György Ligeti, de la période hongroise à aujourd’hui

Si György Ligeti a écrit un certain nombre de pièces pour piano lors de sa période hongroise (avant 1956), il n’a pratiquement pas écrit pour cet instrument lors de sa période “avant-gardiste” des années 1960-1975. Puis viennent, en 1976, les Trois Pièces pour deux pianos, et, à partir des années 80, l’ensemble des Etudes qui paraissent constituer l’aboutissement de la troisième période de ce compositeur aux multiples aspects.

La période hongroise, “moderne, dissonante, chromatique”

Les premières œuvres sont celles d’un jeune compositeur qui, encore étudiant au plus noir de la Seconde Guerre mondiale, ignorait tout de l’école de Vienne, à l’exception de quelques pages de Berg.
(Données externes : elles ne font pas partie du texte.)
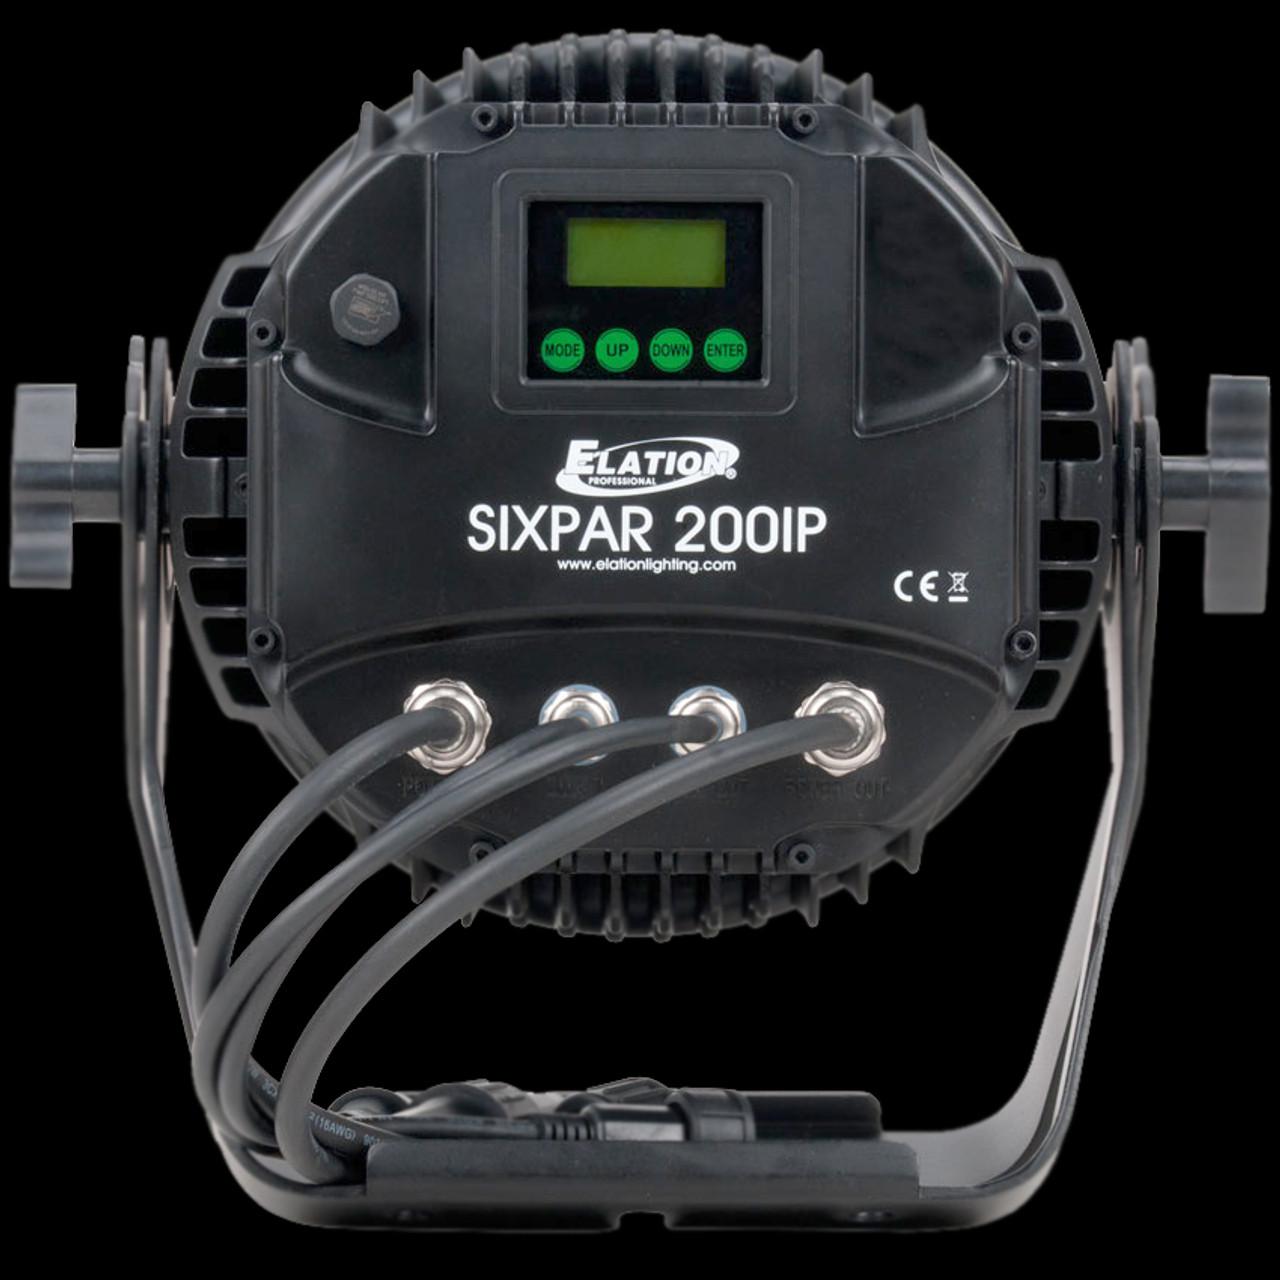 Elation Six Par 200 IP Outdoor LED Par Can Light / RGBAW+UV

Lieder pour voix et piano. trio pour violon, violoncelle et piano, duo pour violon et piano, danses de noces et sonatine pour piano à quatre mains, enfin la Fantaisie chromatique écrite en 1956, mais que Ligeti hésite toujours à publier, quantité de pièces pour et avec piano sont nées durant la période hongroise de Ligeti. L’essentiel de ces pages est resté à l’état de manuscrit. Ces travaux d’étudiant sont placés pour la plupart sous le signe de Couperin, Rameau, Haydn, Mozart ou Schumann. Parmi ce florilège, Ligeti n’a jusqu’à présent accepté de publier que trois morceaux, deux Capricci composés entre mai et septembre 1947 et qui ne seront créés qu’en 1978, dans lesquels s’imposent déjà deux préoccupations fondamentales du compositeur : l’intervalle (Capriccio n°1) et le rythme (Capriccio n°2). Tout comme l’Invention de janvier 1948, vestige d’un ensemble d’inventions à deux et trois voix placées sous le sceau de Bach, ces pièces sont nées alors que le jeune compositeur était encore l’élève de Sandor Veress. C’est ce dernier qui lui suggéra d’écrire ces pages dans un style plus “personnel”. Ces œuvres restent néanmoins proches de la musique populaire des Balkans et de celle de Bartok pour les premières, alors que la troisième est à la fois recherche mélodique et travail contrapuntique et rythmique fondé sur le principe de l’imitation : de petites cellules mélodiques de neuf ou dix sons sont disposées symétriquement autour d’un axe pivot dont elles se rapprochent ou s’éloignent plus ou moins.